Выбрать главу

«Разве вы не должны понимать, что сотворили с моей душой, с моей любовью?!»

Он желал честности – и одновременно – быть услышанным без слов теми, кто провозглашал свою мудрость.

«Ты позволил ей взять то, что ей не принадлежит! Как ты вывел душу человека из Чертогов?! Как обошел запрет Эру – или не был смертным тот, о ком она пела?!»

Намо покачал головой.

– У всех даров есть цена, Айканаро, и цена, уплаченная дочерью Тингола, ужаснее, чем тебе ведомо. Но не о ее душе мы ведем речь. Мы пришли к тебе.

Он стоял, не чувствуя льнущей к ногам призрачной травы, и пытался найти ответ в лицах Валар.
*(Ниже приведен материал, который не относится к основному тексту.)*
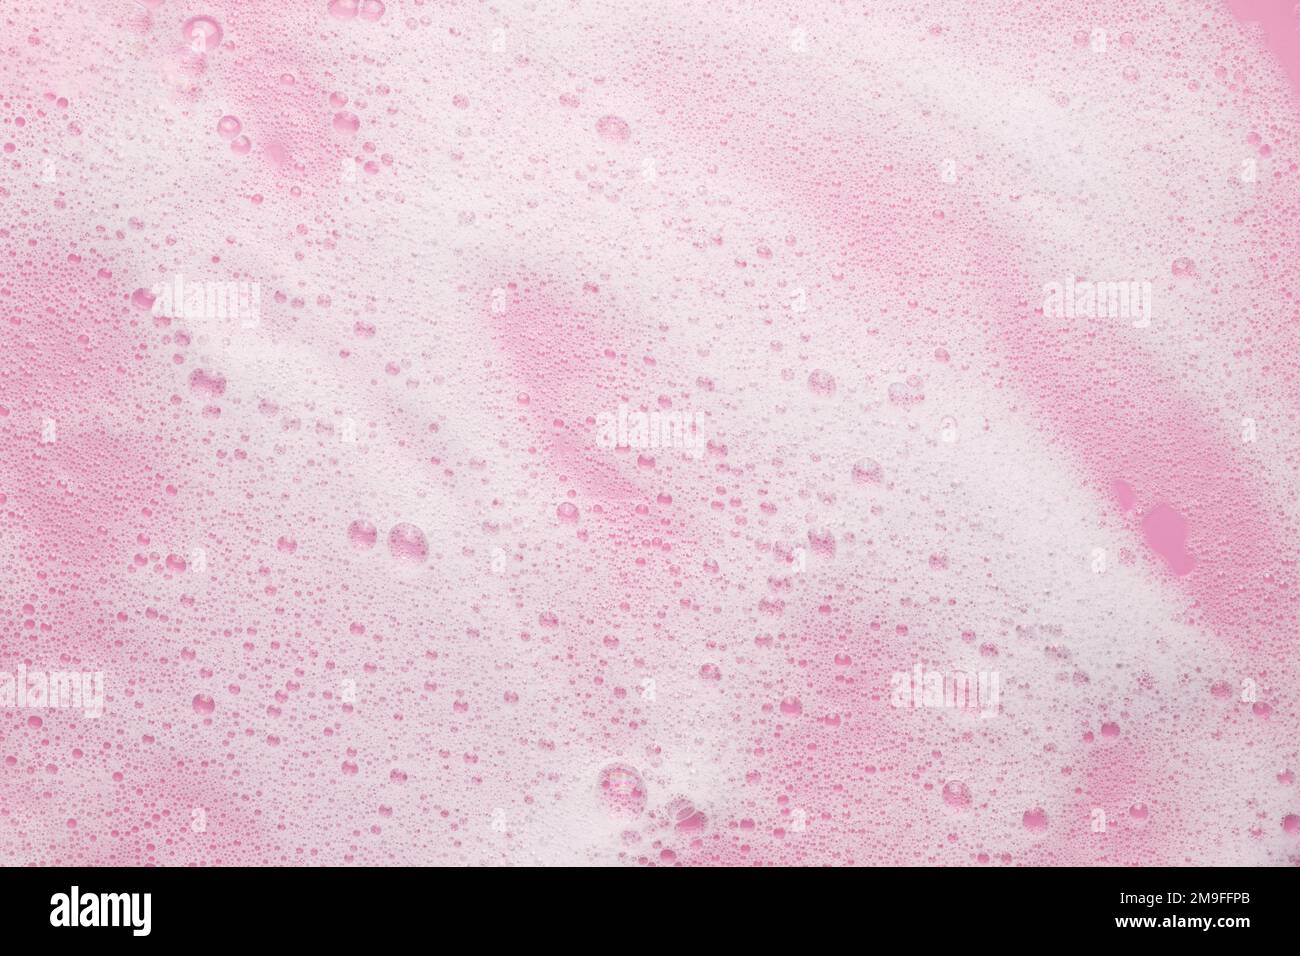 Liquide cosmétique blanc aéré moussant sur fond rose. Mousse de bain, mousse, shampooing. Concept de beauté ou de soins de la peau. Banque D'Images

Как будто ему что-то могло сказать тонкое переплетение серебряного узора на кайме накидки Намо – или подобные ожившим теням дикие розы, мерцающие на вуали Ниэнны. Или чернение на украшениях ее серебряных кос, где сплетались оплакивающие потерю возлюбленных лебеди.

«К чему вы клоните? Вы, оба?»

Эту мысль он не позволил им услышать. Тревога нарастала, словно зарождающийся вдали над морем шторм.

Ниэнна отбросила с плеч тяжелые пепельные косы, увитые жемчужной нитью. Айканаро мог поклясться, что не видел жемчуга раньше, но здесь все текло легко и изменчиво, как ночной ветер.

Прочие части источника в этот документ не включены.